Amount spent on continuing professional development, down from £205 million two years ago

However, even given this, there are some who think the emphasis is too skewed to the acute sector. NHS Improvement’s retention programme, for example, focuses only on mental health and hospital trusts.

Clifford Kilgore, chair of the British Geriatrics Society nurses and allied health professionals council, says: ‘What concerns me is the focus on the hospital sector. There are more nurses employed in the community, primary care and social care combined than there are in hospitals.

‘We need to establish how we properly support newly qualified nurses coming into these sectors. I don’t see any evidence of that happening. It’s why the nursing associate roles and apprenticeship drive may not be as successful either.’

Measures to boost nursing in England

The government in England maintains plans are in place to tackle the workforce problems in nursing. So what is happening?

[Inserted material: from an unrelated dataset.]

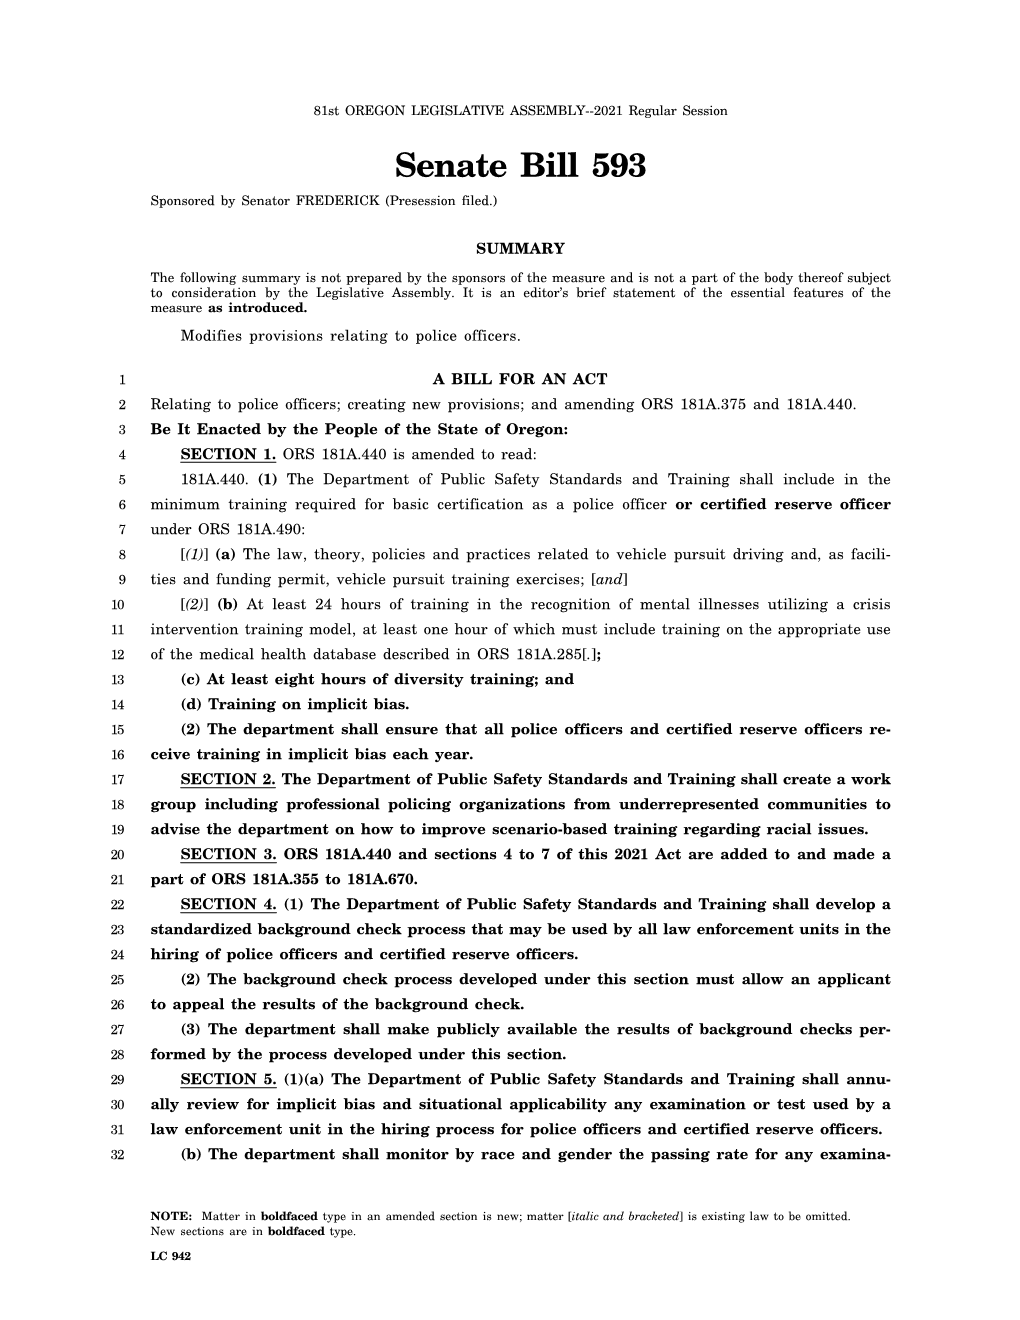 Senate Bill 593 Sponsored by Senator FREDERICK (Presession Filed.)
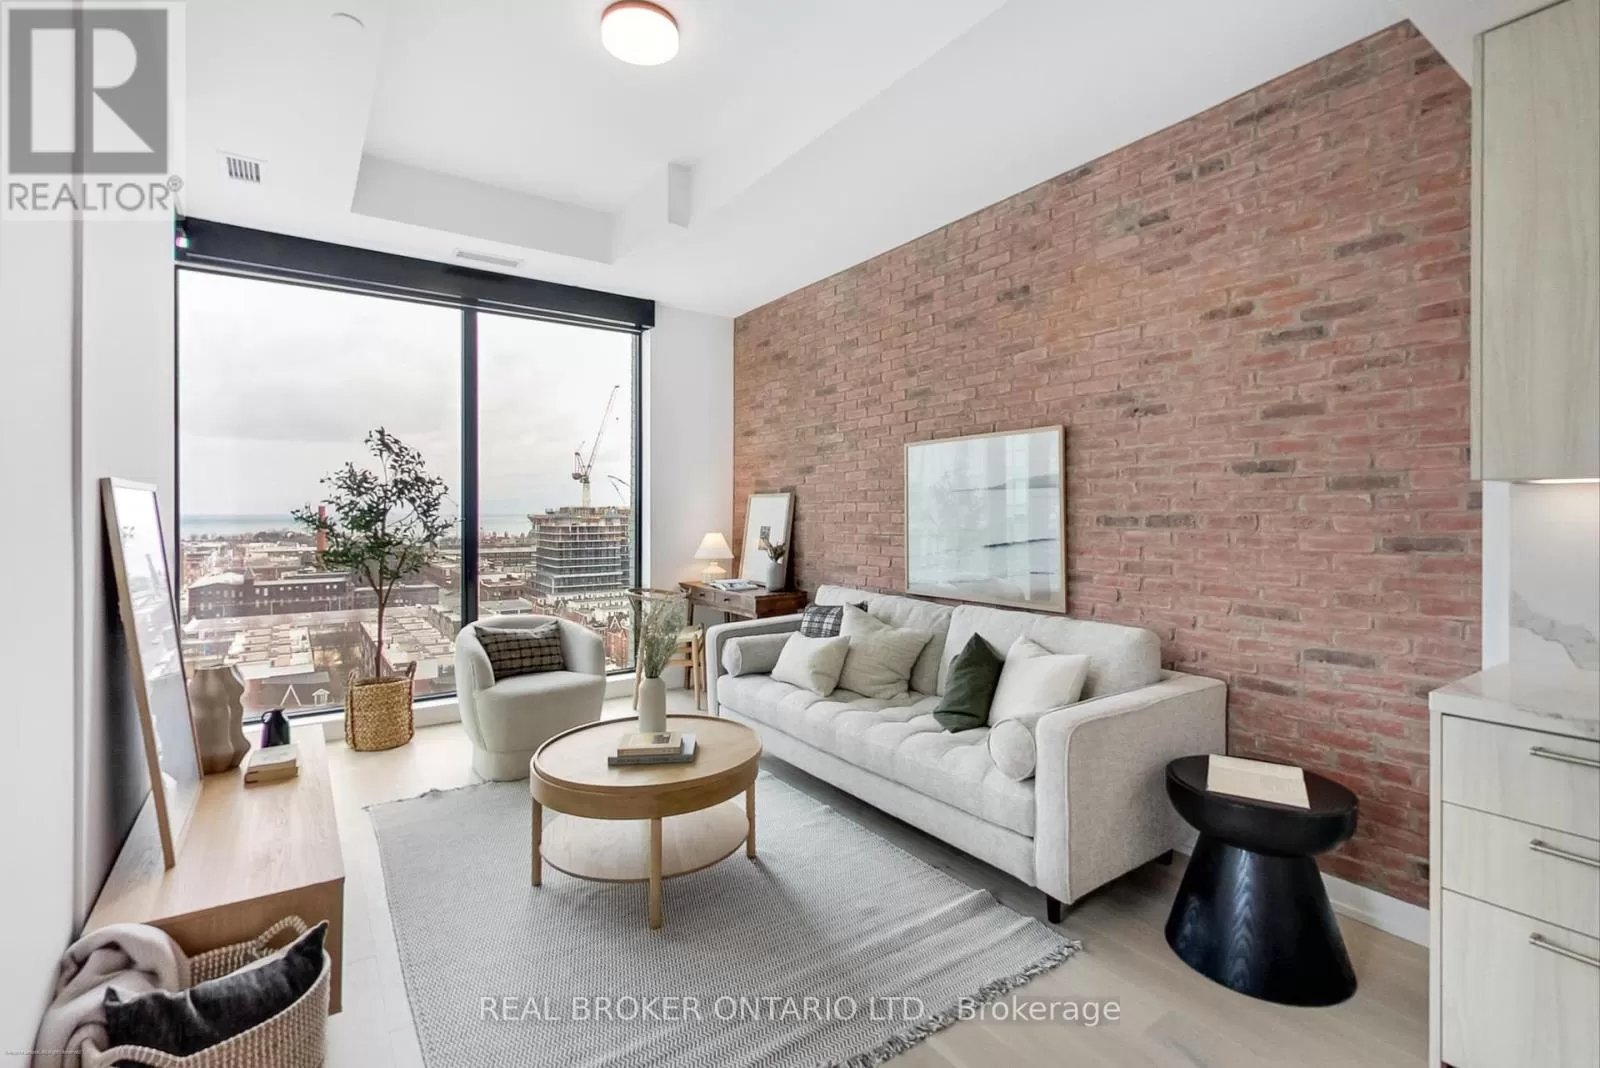 Apartment for rent: 1401 - 200 Sudbury Street, Toronto, Ontario M6J 1J4

  • The 1% pay cap in the NHS is being lifted in 2018, although details of the rise have yet to be revealed.
  • Training places are increasing in number – rising by 25% this year to more than 25,000 places in England, the biggest ever expansion, according to health and social care secretary Jeremy Hunt.
  • New routes into nursing through apprenticeships and nursing associate schemes.
  • A Homes for Nurses scheme, giving 3,000 NHS workers first refusal on affordable housing generated through the sale of surplus NHS land.
  • NHS Improvement is running a three-year retention programme providing direct support to all mental health trusts and half of hospital trusts.
  • Health Education England’s draft ten-year workforce strategy promises the NHS will act as a ‘key engine for growth’ of nurses in social care.